As successful as she has become, it has not been without pitfalls or problems.  In seeking to publish her book she was told repeatedly by publishing house representatives that “Asian characters and culture don’t sell books”.  Even after its highly successful publication and glowing reviews, a significant, noxious backlash materialized.  Lieu was told to “shut up” and received “threats, racist remarks, and a lot of cyberbullying . . . for being a visible, vocal, and viral Asian female author”.

But the feisty Lieu did not cower, nor did she slink from the fray.   She meets spewed hatred head-on.  For the intrepid author, her book is a means of “reclaiming the narrative” of Asian culinary culture.  As one of the few works about Asian baking “actually authored by an Asian-American woman,” she has drawn a deep and wide metaphorical line in the flour dust covering her well-worn baking board.  She continues to be seen and heard giving highly visible interviews, ignores ignominious chatter, and stands her ground.  For her, representation not only matters, but is a must.  

Lieu once commented that growing up in America as a person of Asian descent, she felt like an “outsider” or “other”.  It was rare, she said, to see people who “looked like me” on TV and other public rostrums.  More galling: the “experts” who talk about Asian culture and cuisine but are not Asian.  She has joined the heightened public out-cry for recognition of minority groups whose mantra “If you see it, you can believe it” has become a rallying cry for equity and access.

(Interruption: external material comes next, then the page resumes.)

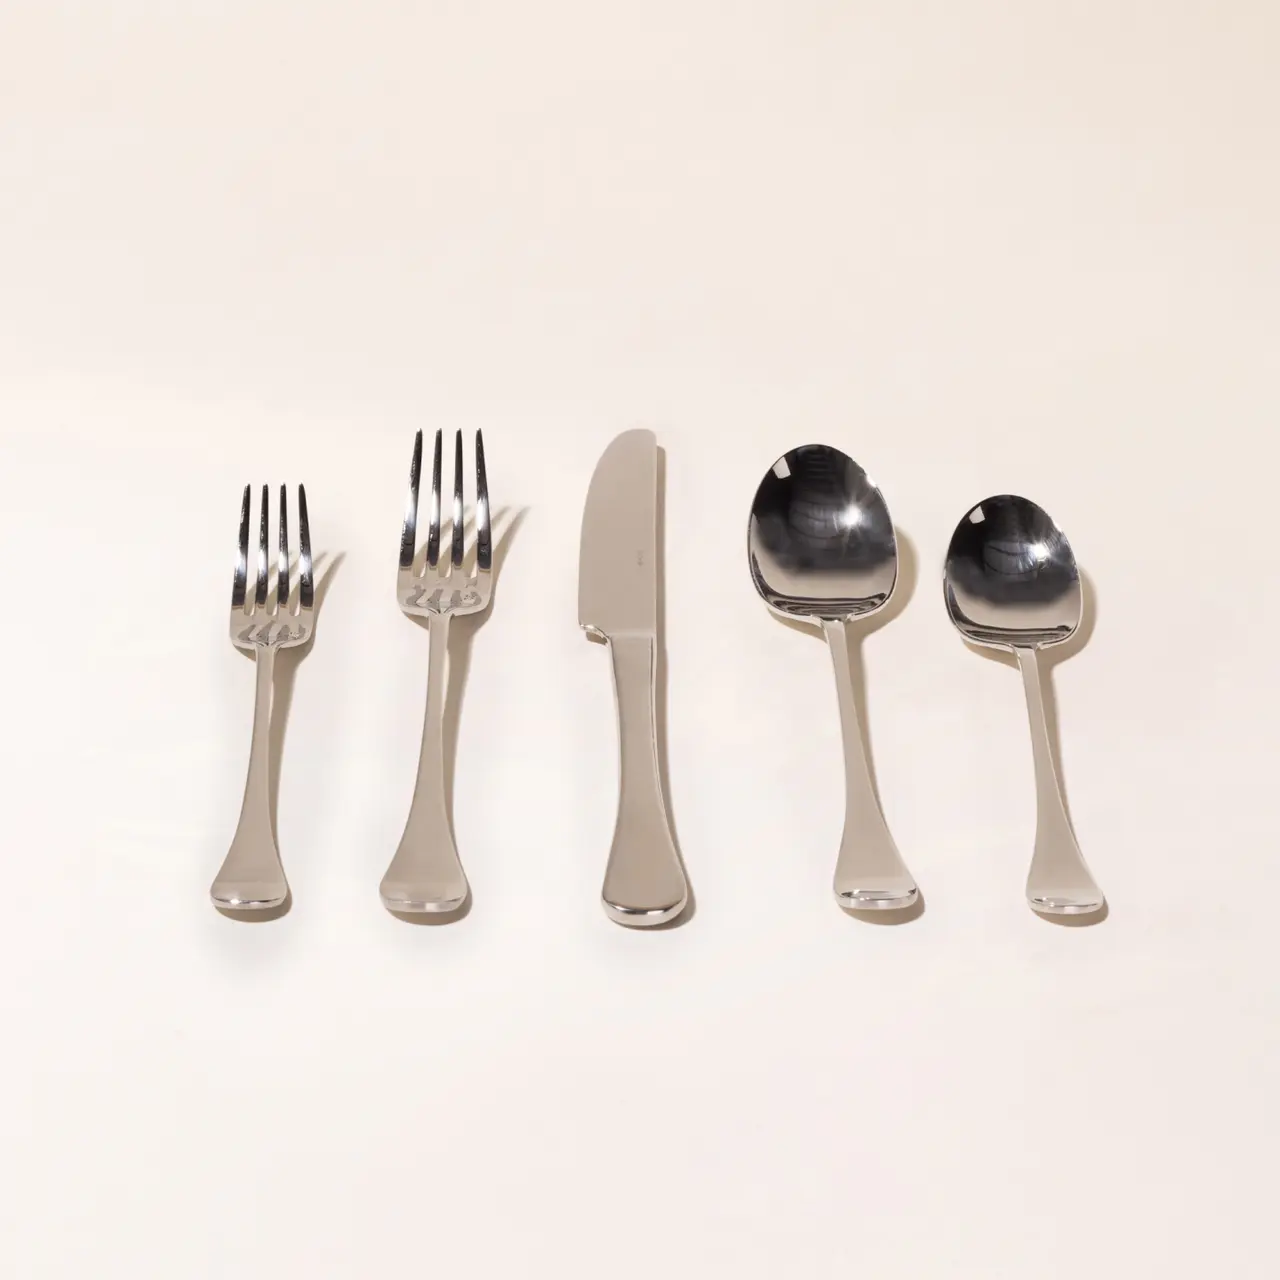 Five pieces of silverware, consisting of forks, a knife, and spoons, are neatly arranged on a light background.

Today, Lieu and SAB have become a united platform mobilized against the ubiquitous anti-Asian sentiment so prevalent in today’s America.  “We’ve been hunted and hurt simply for looking the way we do; we can’t stay silent; we need to . . .  fight back. . . .”  The experience of ethnic groups in Asian diasporas often don’t feel 100% American or 100% Asian.  To rectify this, SAB seeks to be instrumental in helping Asians “reclaim their identities by standing together in solidarity — baking pins in hand.”